*What the task requires*: Reproduce word for word every line from the one containing "Photo of Tortilla-Hack-Torte" through the end of the listing below; omit the pictures.
[[ Dataset content, beginning ]]
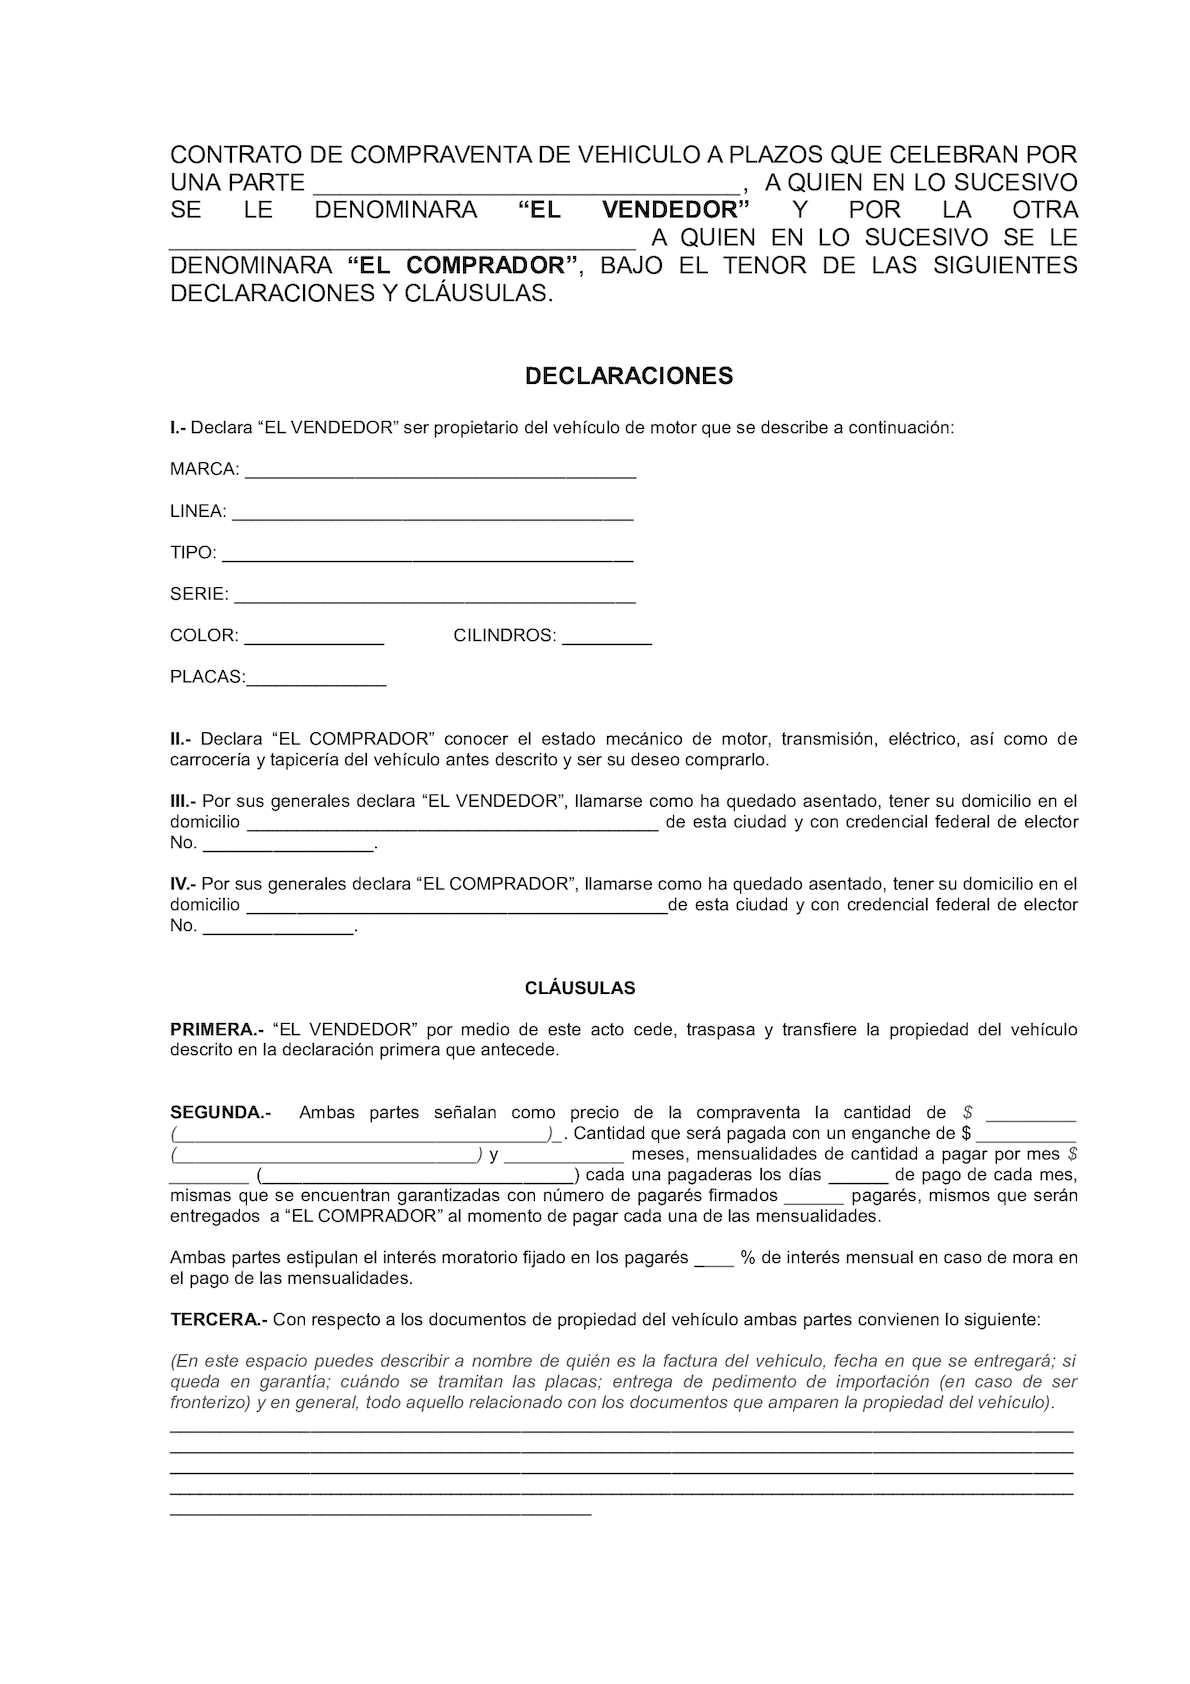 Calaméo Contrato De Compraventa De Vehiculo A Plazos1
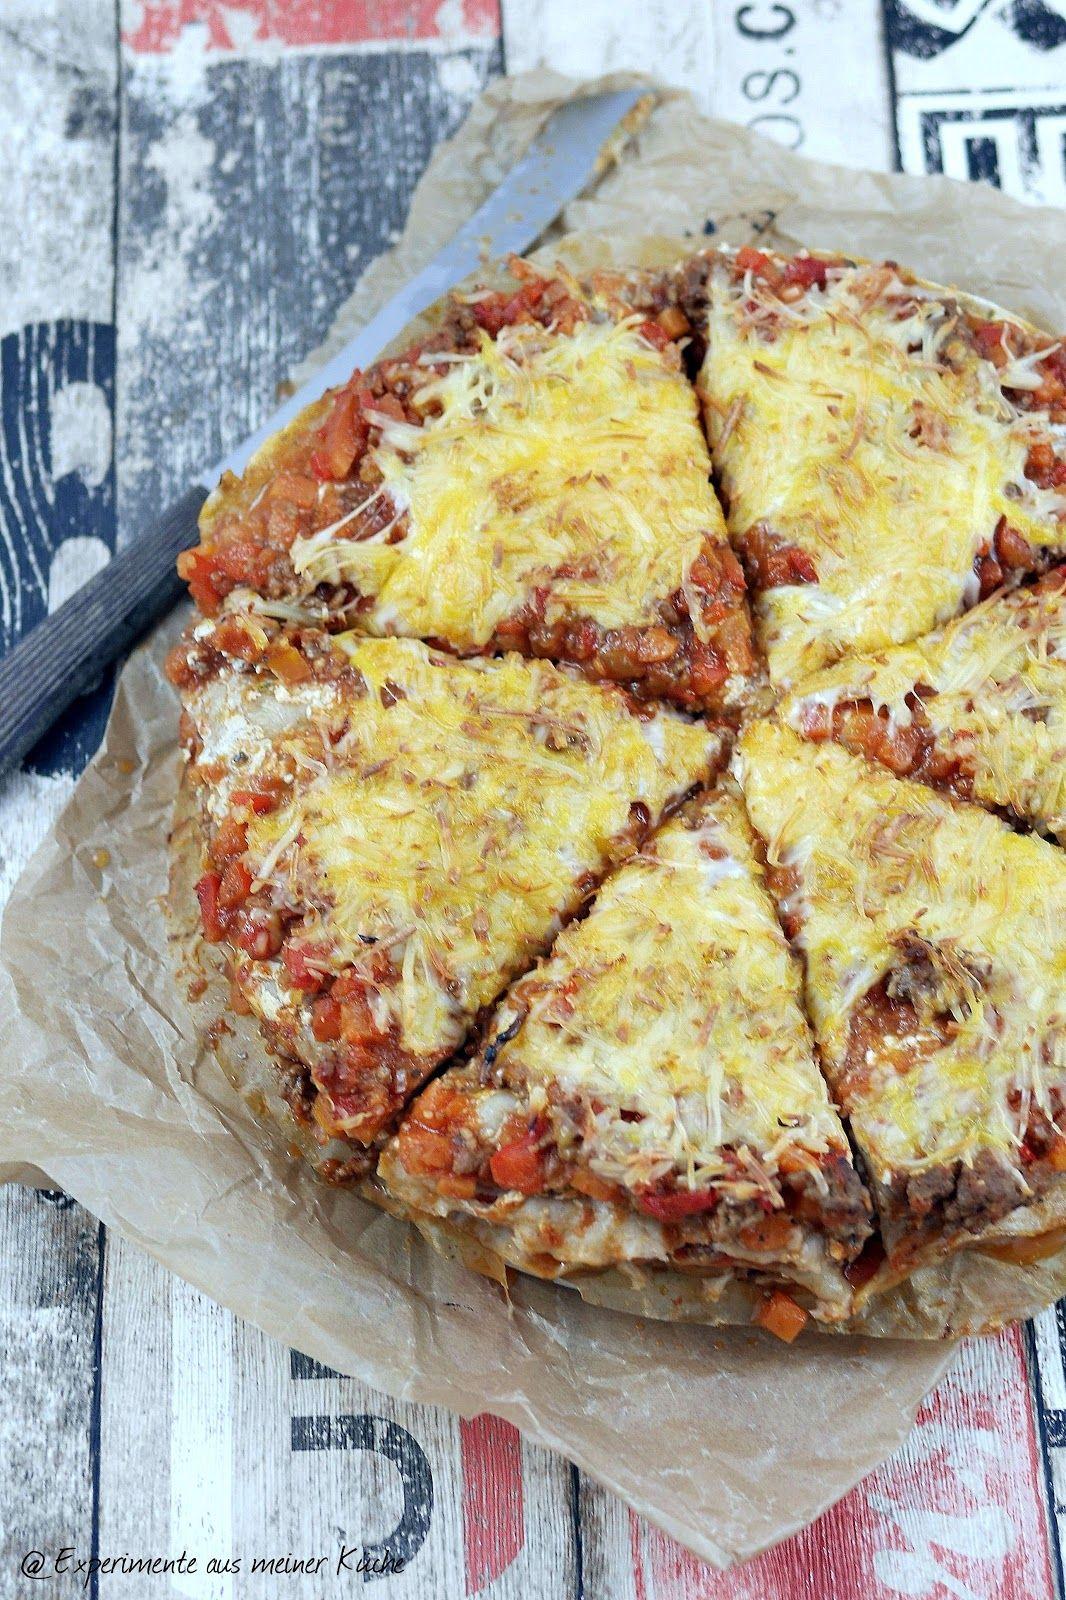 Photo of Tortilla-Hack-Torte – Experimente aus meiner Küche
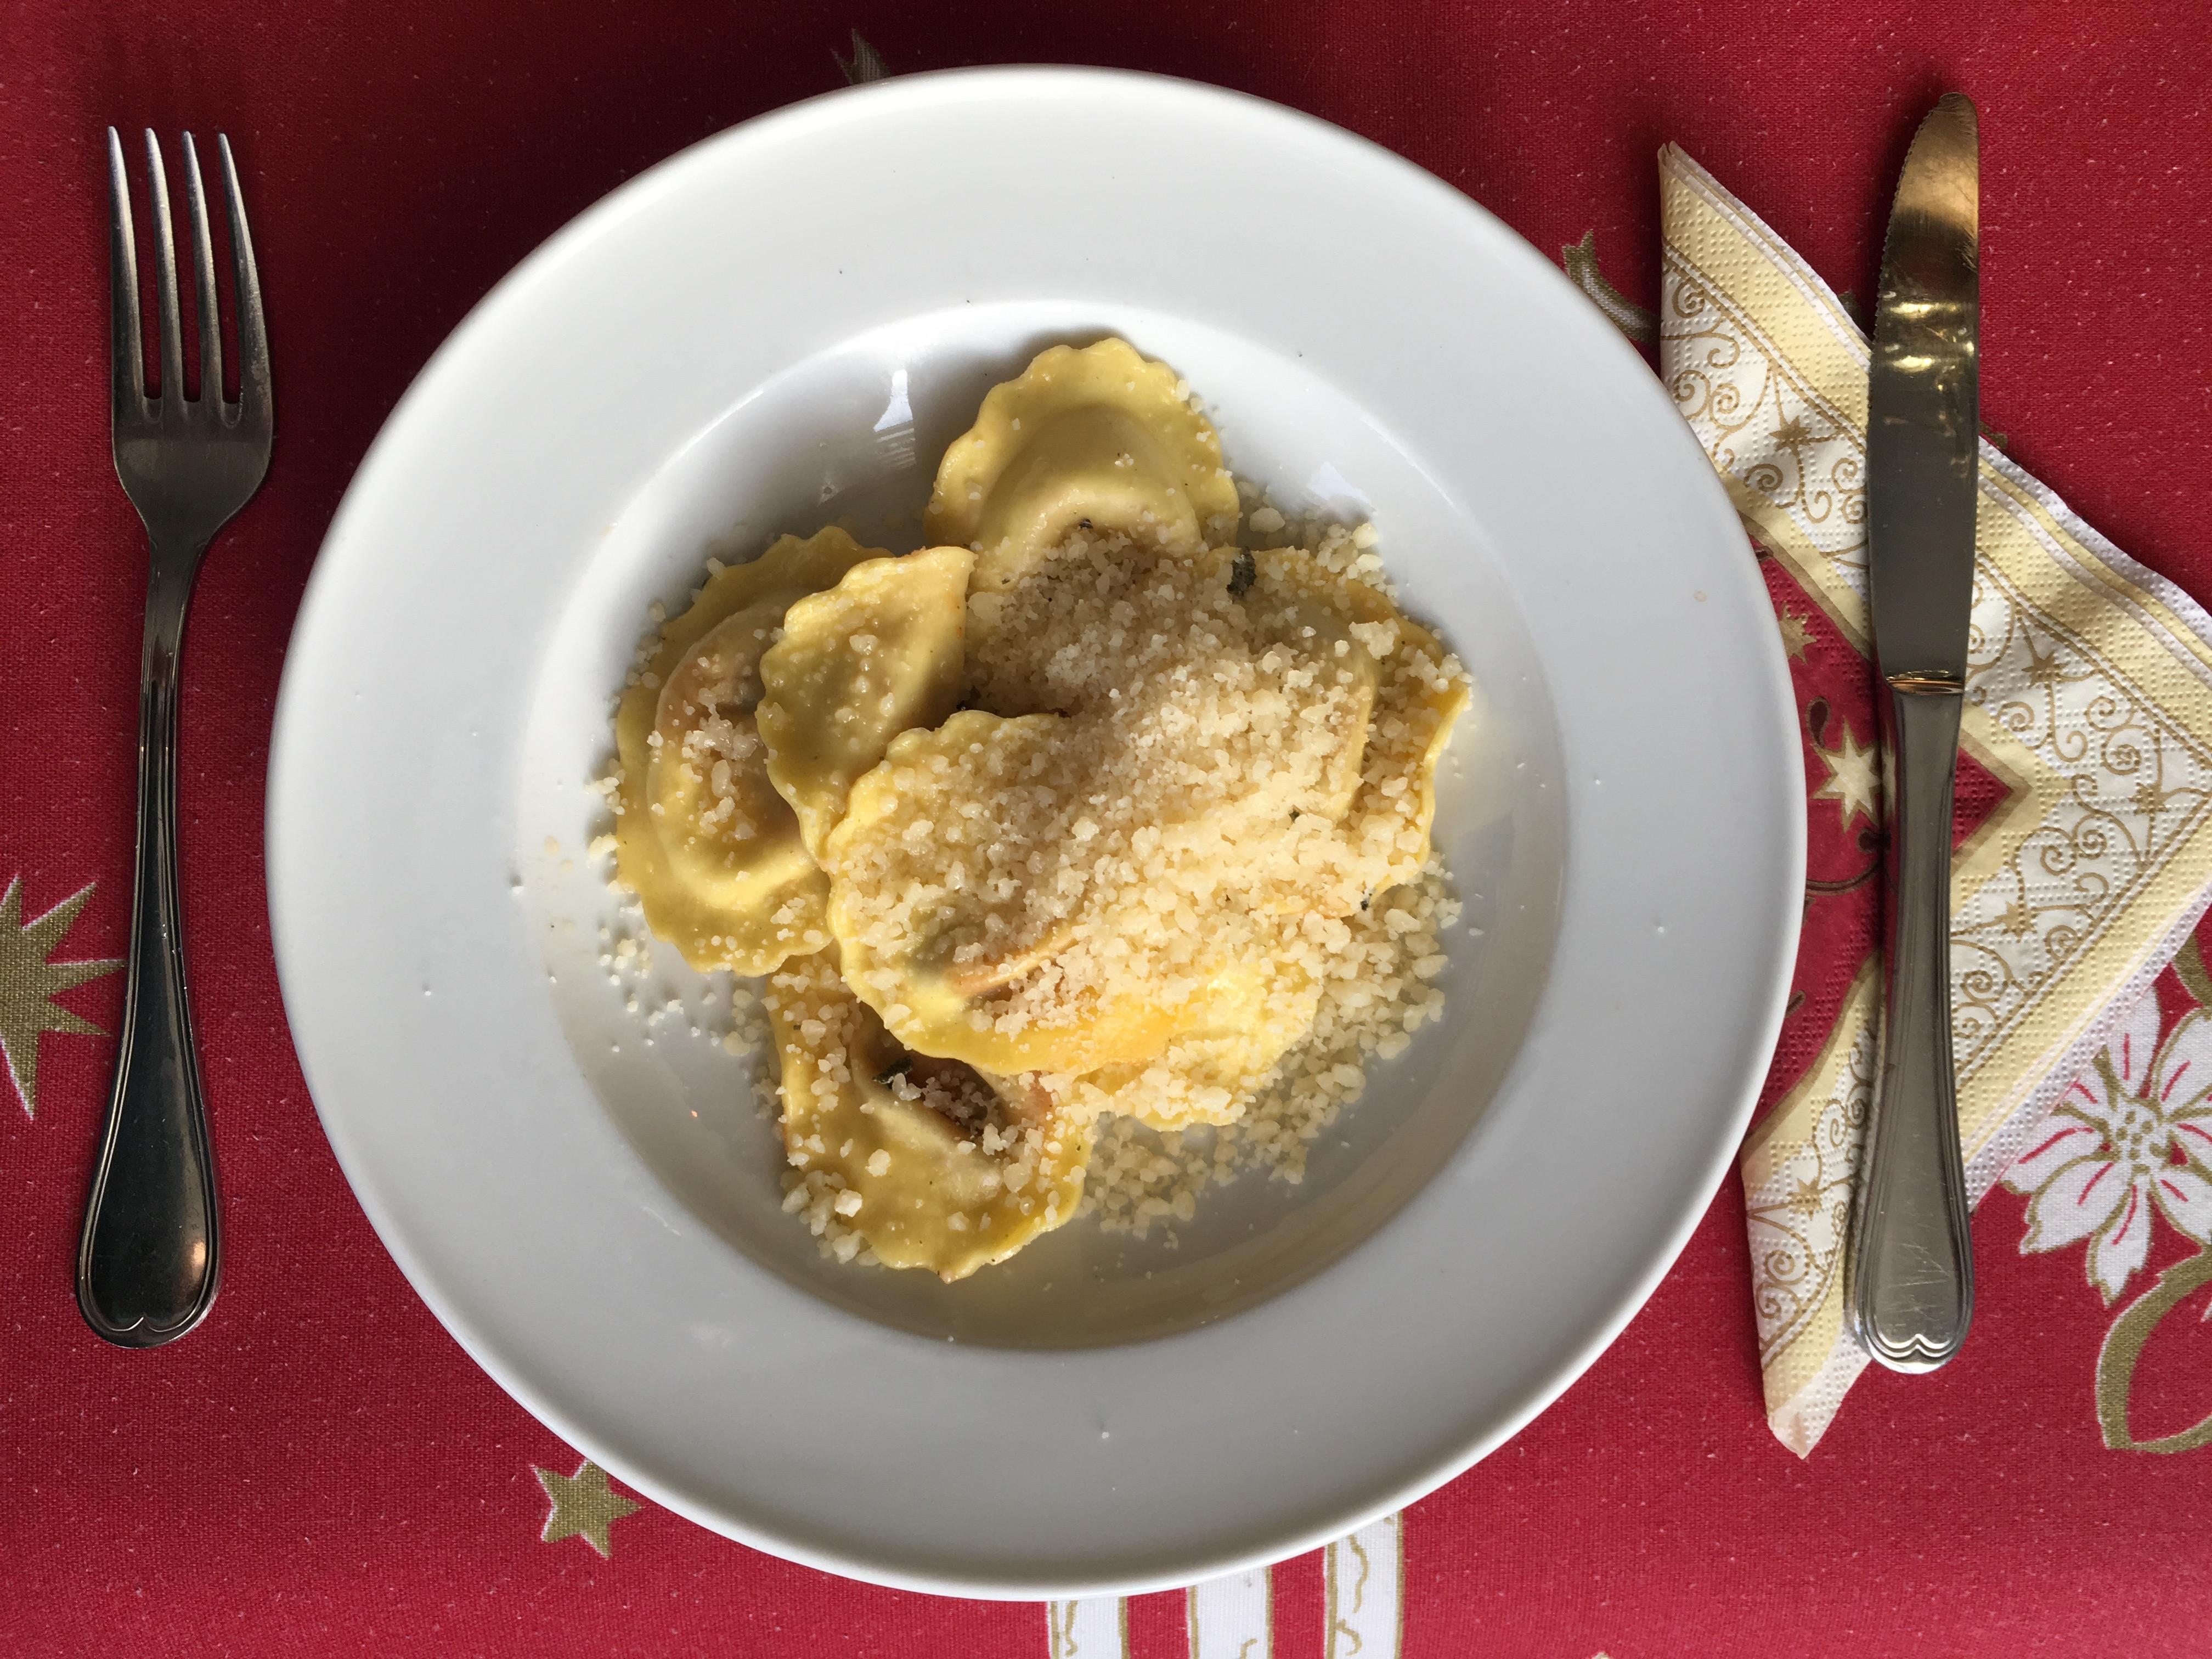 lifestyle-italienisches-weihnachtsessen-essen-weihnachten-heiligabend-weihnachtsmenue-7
[[ Dataset content, end ]]
*Answer to the problem*:
 Photo of Tortilla-Hack-Torte – Experimente aus meiner Küche
 lifestyle-italienisches-weihnachtsessen-essen-weihnachten-heiligabend-weihnachtsmenue-7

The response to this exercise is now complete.